Nothing beats a warm brownie fresh from the pan. Top this ooey-gooey hot fudge brownie cake with fresh whipped cream or vanilla ice cream for an indulgent treat the whole family will enjoy.
1 cup all-purpose flour
2 tablespoons unsweetened cocoa
2 teaspoons baking powder
1/4 teaspoon salt
1 1/4 cups granulated sugar, divided
1/2 cup milk, at room temperature
3 tablespoons vegetable oil
1 teaspoon vanilla extract
1/2 cup firmly packed light brown sugar
1/4 cup unsweetened cocoa
1 1/2 cups boiling water
Whipped cream or ice cream
How to Make It
Preheat oven to 350°. Stir together flour, next 3 ingredients, and 3/4 cup granulated sugar in a large bowl; stir in milk, oil, and vanilla. Spread batter in a lightly greased 8-inch square pan.
Combine brown sugar, cocoa, and remaining 1/2 cup granulated sugar in a small bowl; sprinkle over batter in pan. Using a spoon, gently drizzle 1 1/2 cups boiling water over batter, being careful not to disturb layers. (Do not stir.)

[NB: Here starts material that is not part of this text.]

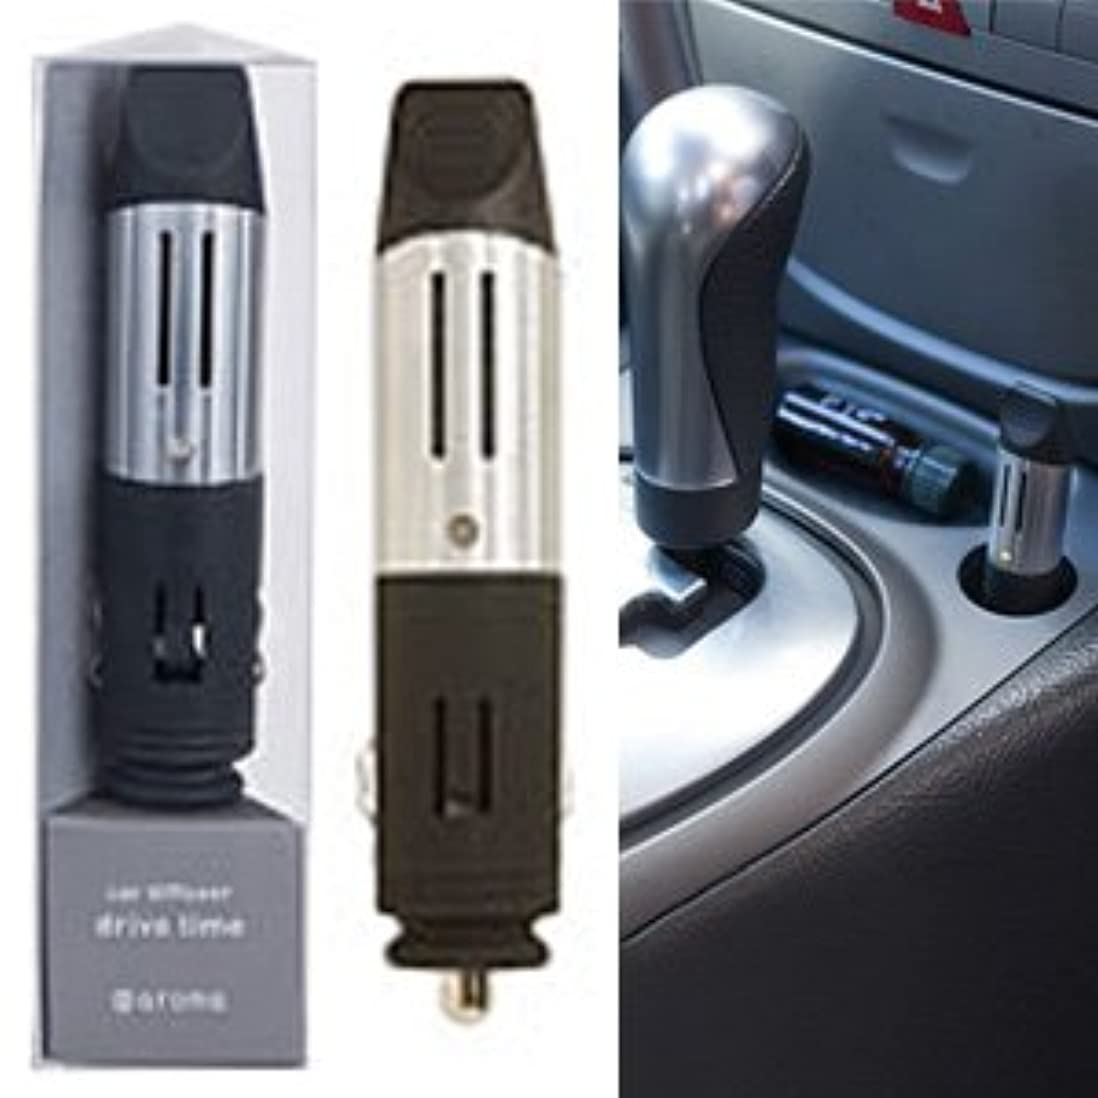 童謡改善するまさに車用アロマディフューザー ドライブタイム [ソケットタイプ/DC12V電源] カラー:シルバー

Bake at 350° for 45 minutes or until a cake layer forms on top and layer springs back when touched. Let cool on a wire rack 25 minutes. Serve warm with whipped cream or ice cream.

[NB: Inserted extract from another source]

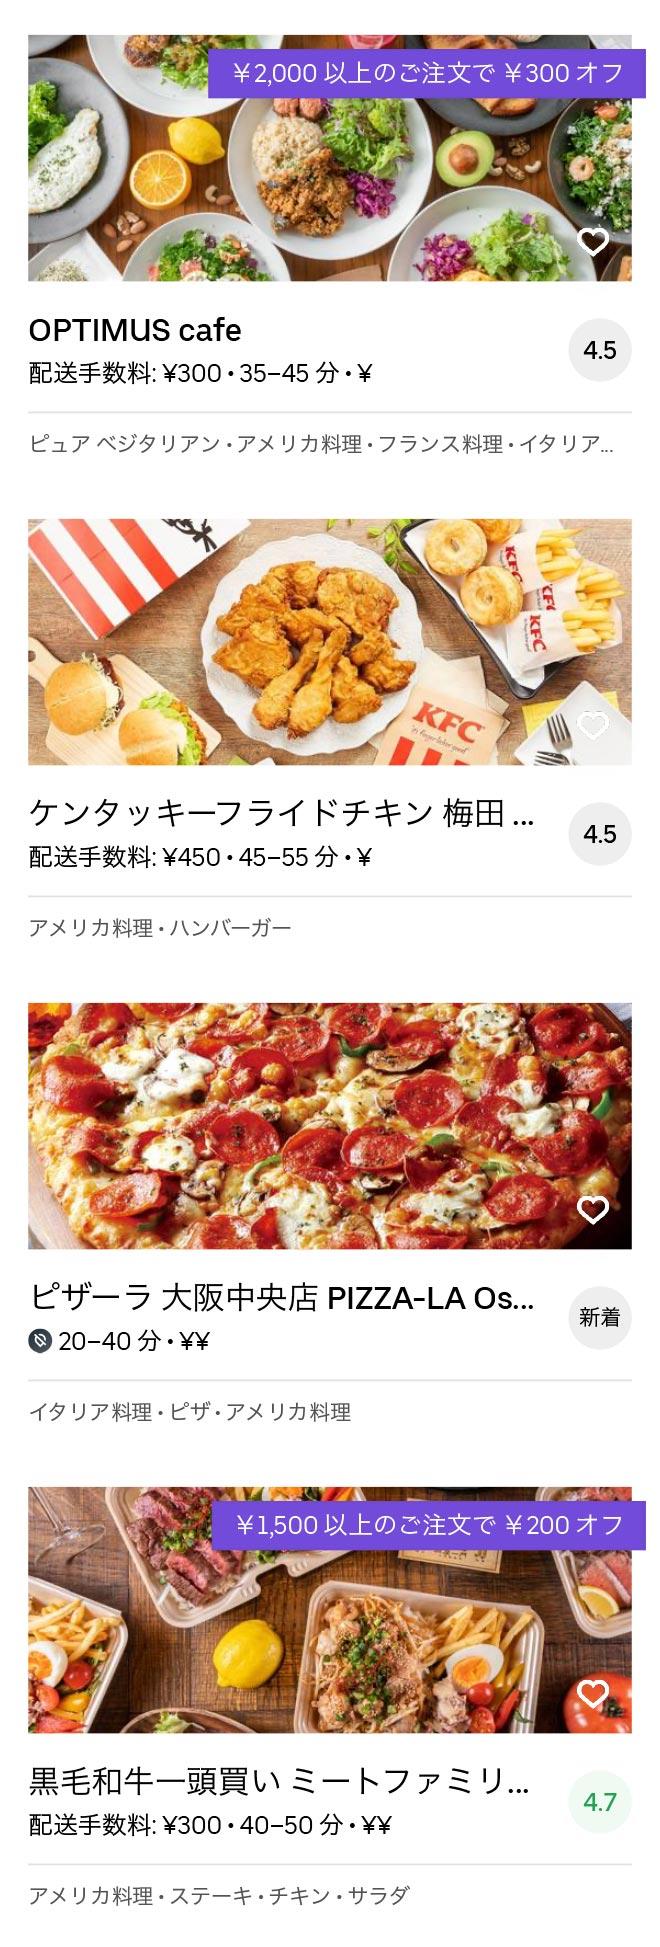 Osaka nanba menu 2005 03

Chocolate-Cherry Pudding Cake: Thaw 1 (12-oz.) package frozen dark, sweet, pitted cherries; drain. Pat cherries dry with paper towels. Prepare recipe as directed through Step 2, gently sprinkling cherries over batter in pan. Proceed with recipe as directed.
Mocha Pudding Cake: Substitute hot freshly brewed coffee for boiling water. Proceed with recipe as directed.

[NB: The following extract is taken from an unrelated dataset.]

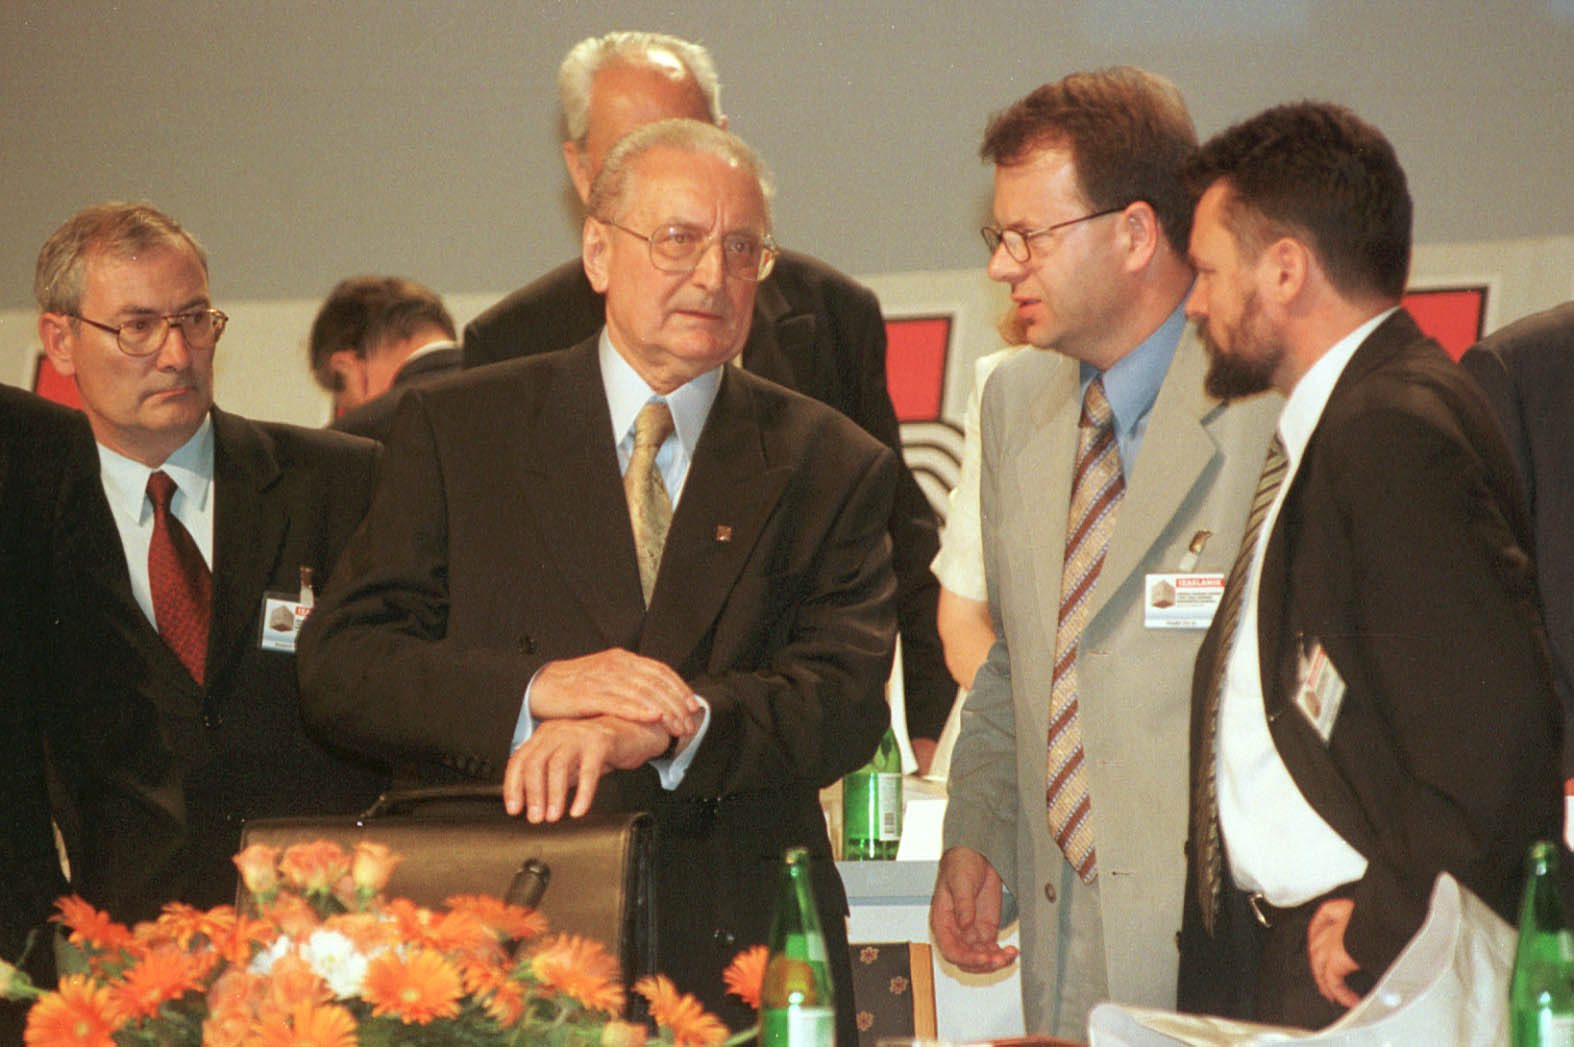 S lijeva na desno: Ivica Kostović, Franjo Tuđman, Ivić Pašalić i Drago Krpina

One of the best hot fudge pudding cake recipes I've tried. Since a few others complained it wasn't chocolatey enough, i added 1/2 cup bittersweet chocolate chips. I also split everything between six ramekins and made it into an individual dessert then baked it for 25 minutes. It was just fantastic. I will be making this again in the future.
These came out amazing!!! I have tried many brownie recipes from scratch and but this is the first recipe that actually came then the boxed version. I did add a 1/2 cup of chocolate chips to the bottom layer, like everyone suggested. Also, I am not sure if it makes a difference, but I used two different types of cocoa powder.
It was awesome...made the mocha version...added 1/2 c. Chocolate chips (to batter) to increase chocolate taste...served with whipped cream, ice cream would've been better! Everyone raved about it...it's a keeper!
Definitely not chocolate-y enough. I was suspicious with the small amount of cocoa in the first layer. If I were to make it again, I'd probably add espresso powder or somehow incorporate actual chocolate. Missing richness and chocolate flavor.